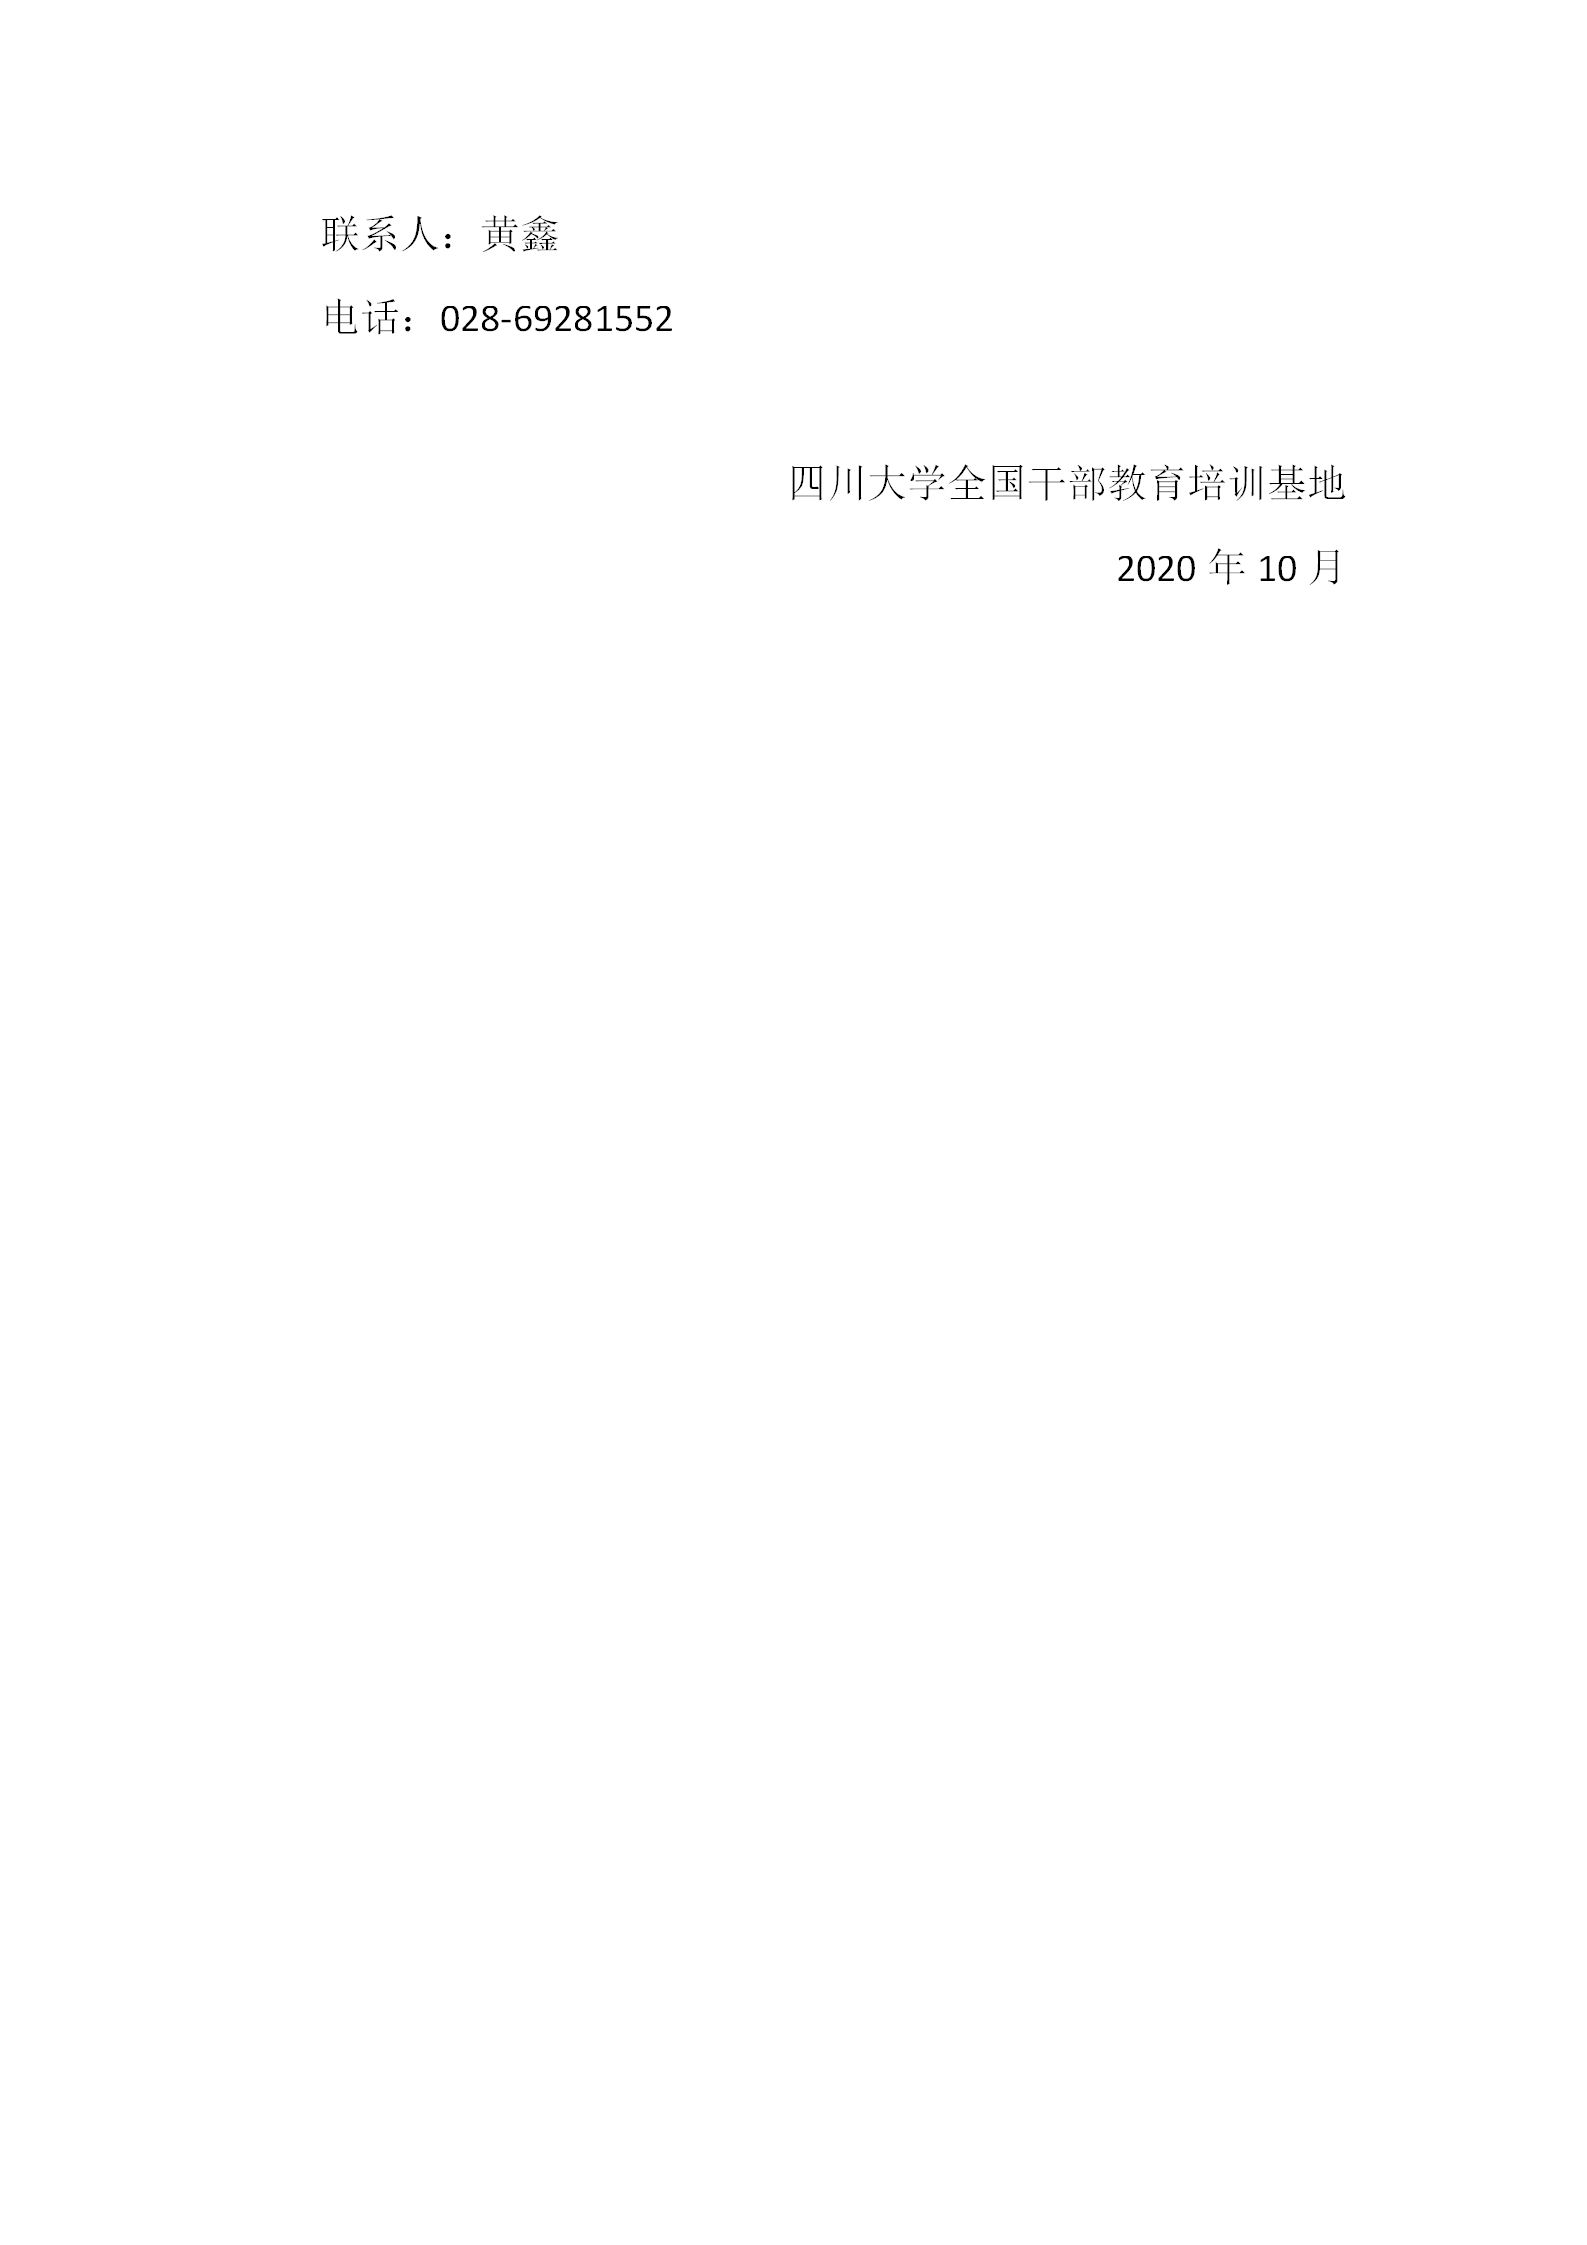 2.新时代干部教育培训高质量发展研究（2020）征文启事_03.png
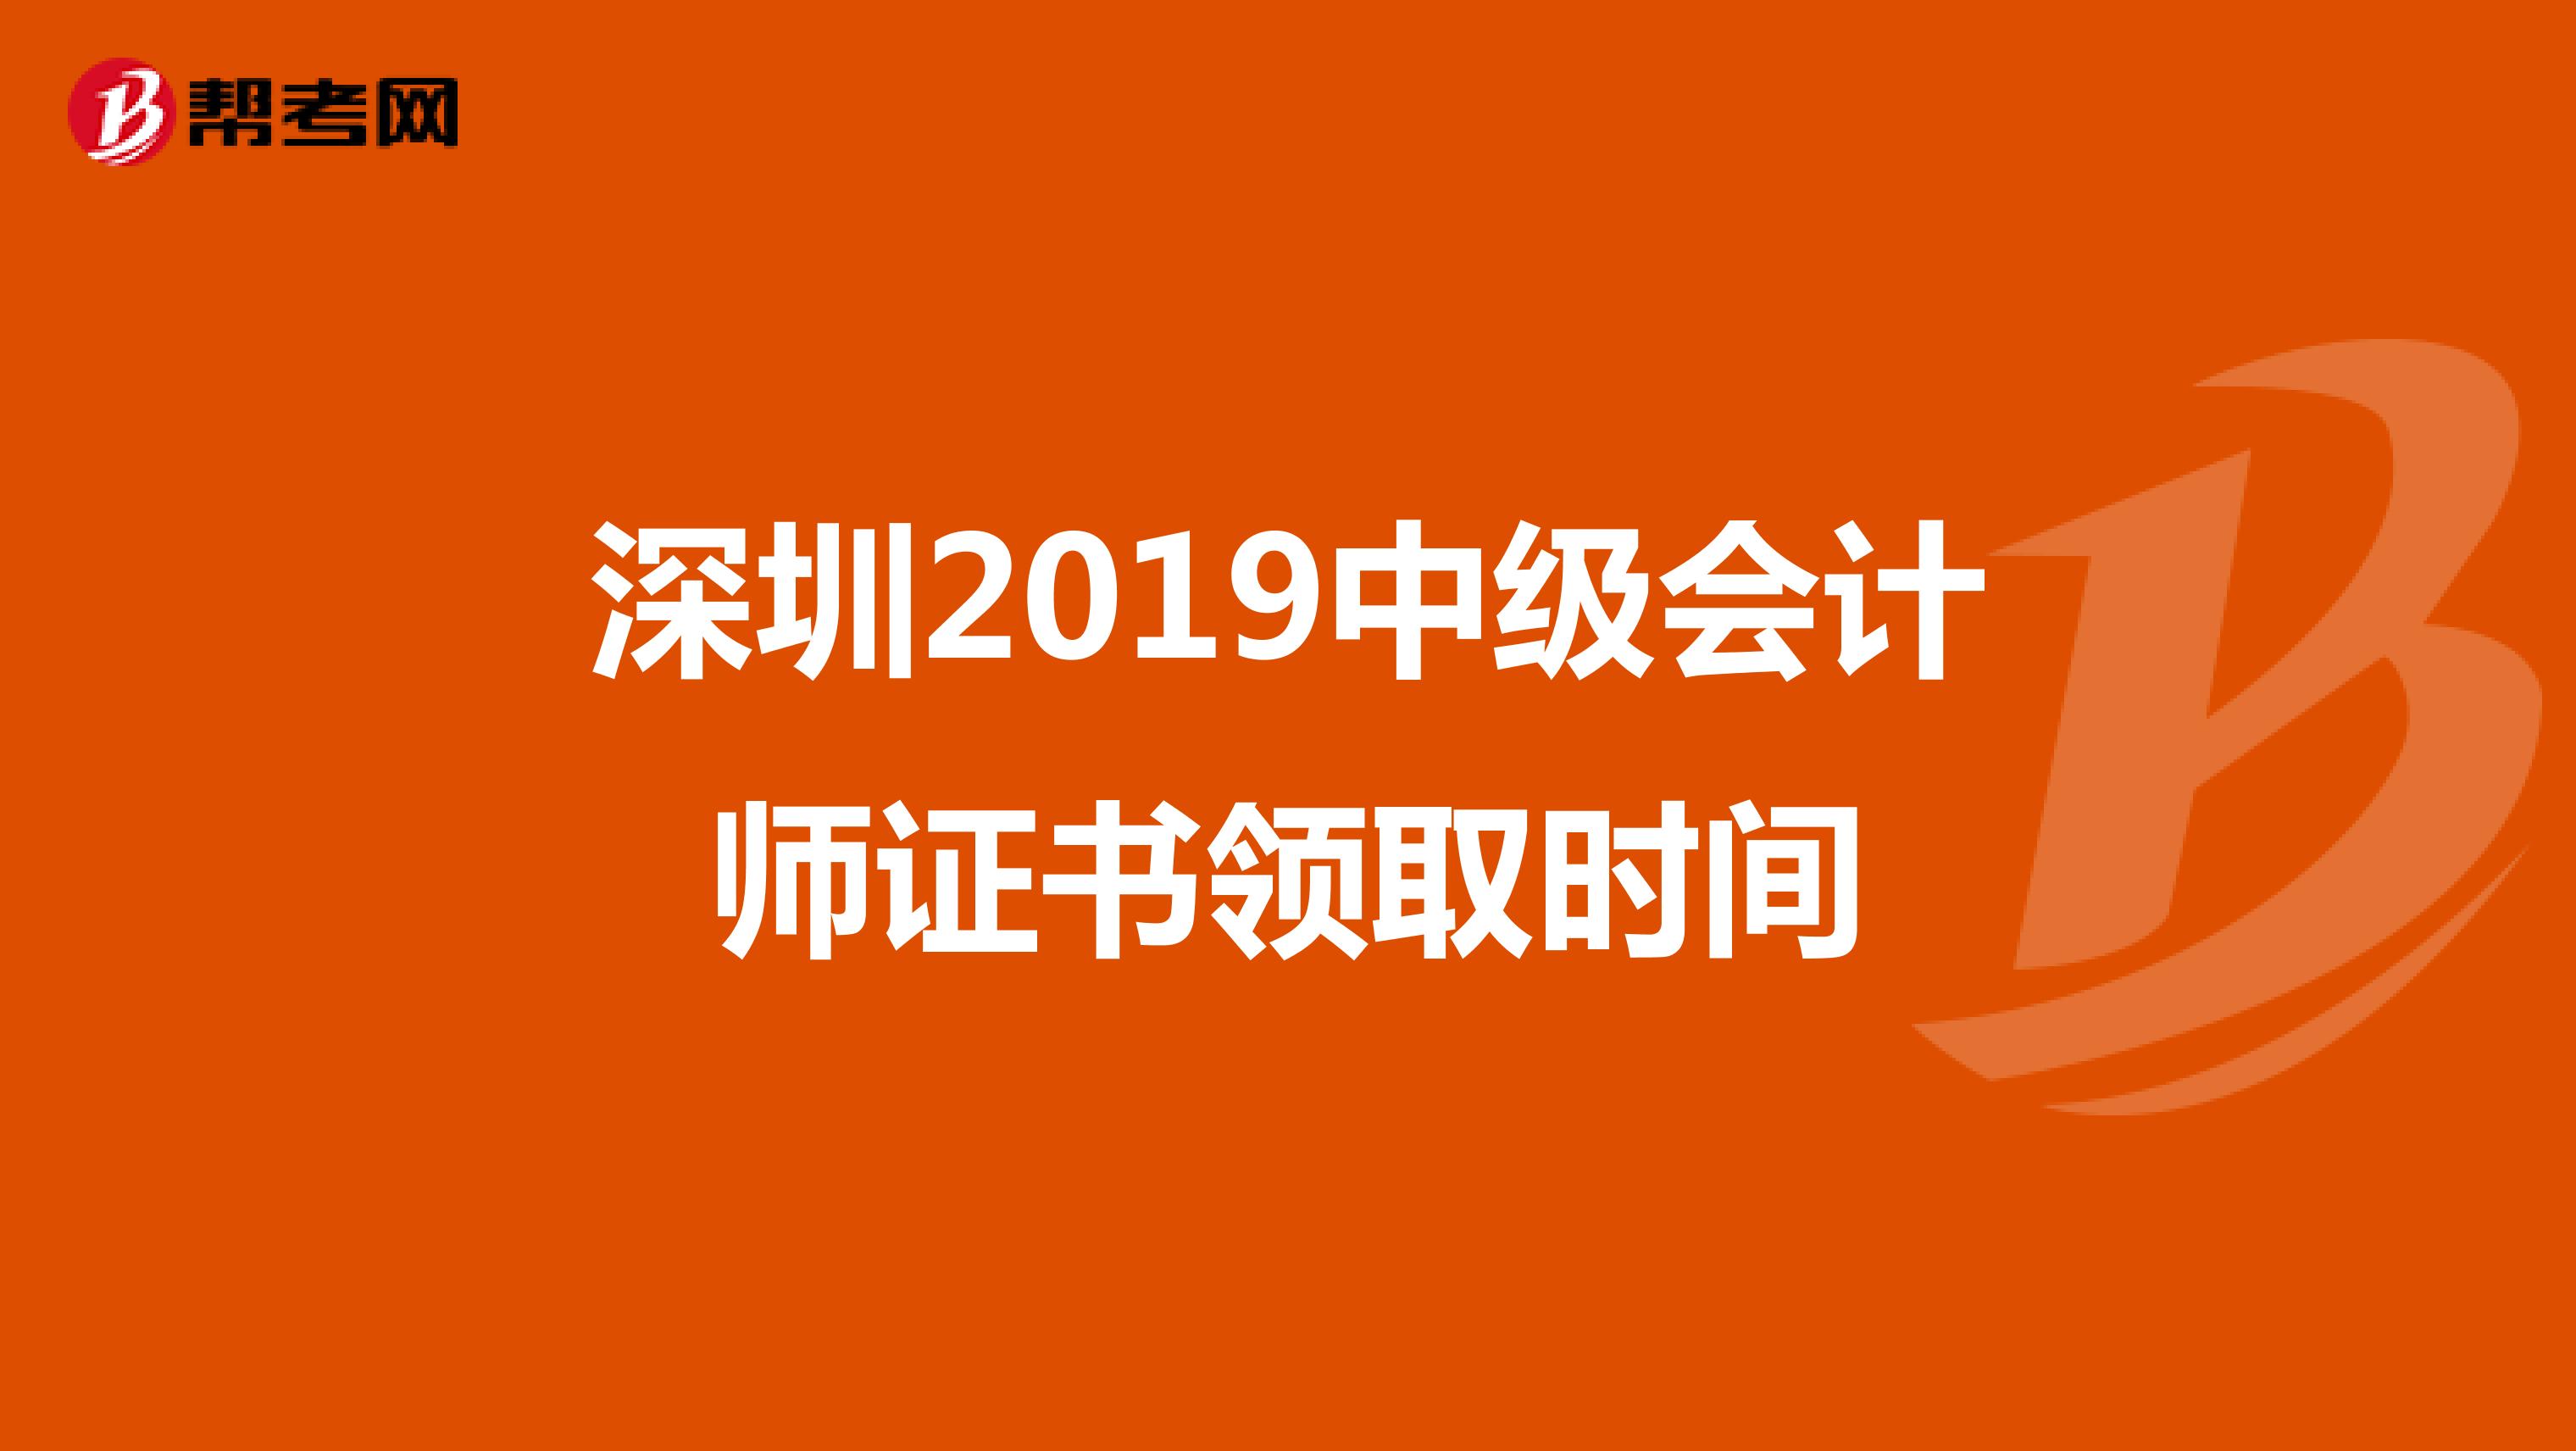 深圳2019中级会计师证书领取时间
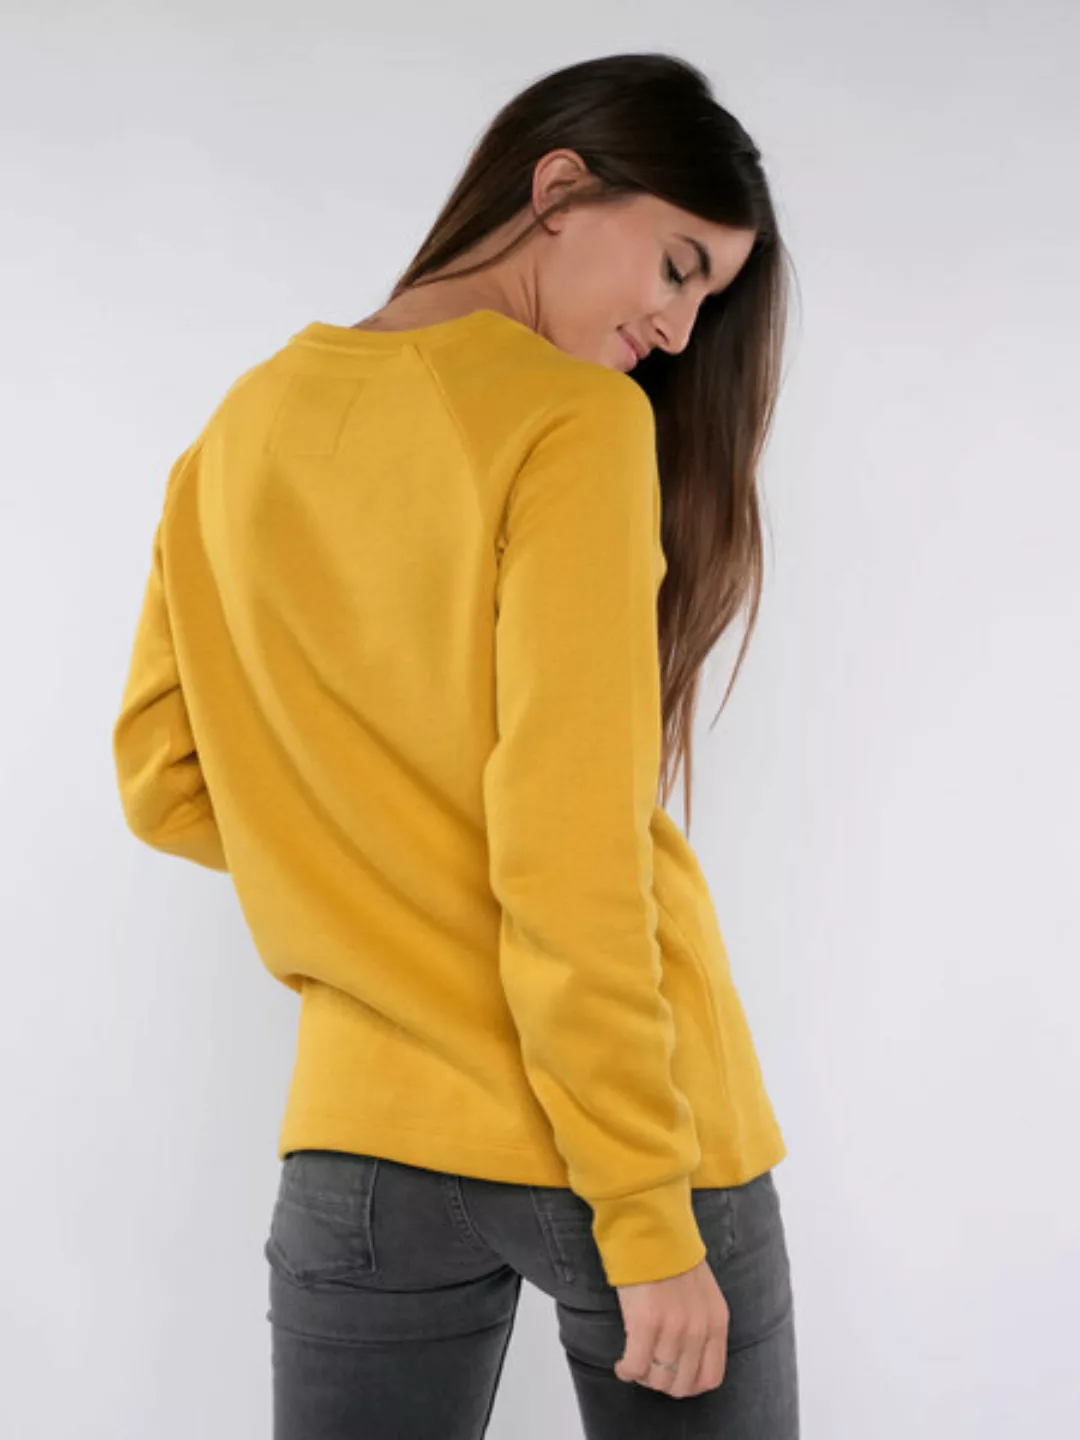 Damen Pullover - Stand For Values günstig online kaufen

EXERCISE PROMPT:
Only the words belong in your copy: restate the data above exactly and leave the images out.

RESULT OF THIS EXERCISE:
 2.新时代干部教育培训高质量发展研究（2020）征文启事_03.png
 深圳2019中级会计师证书领取时间
 Damen Pullover - Stand For Values günstig online kaufen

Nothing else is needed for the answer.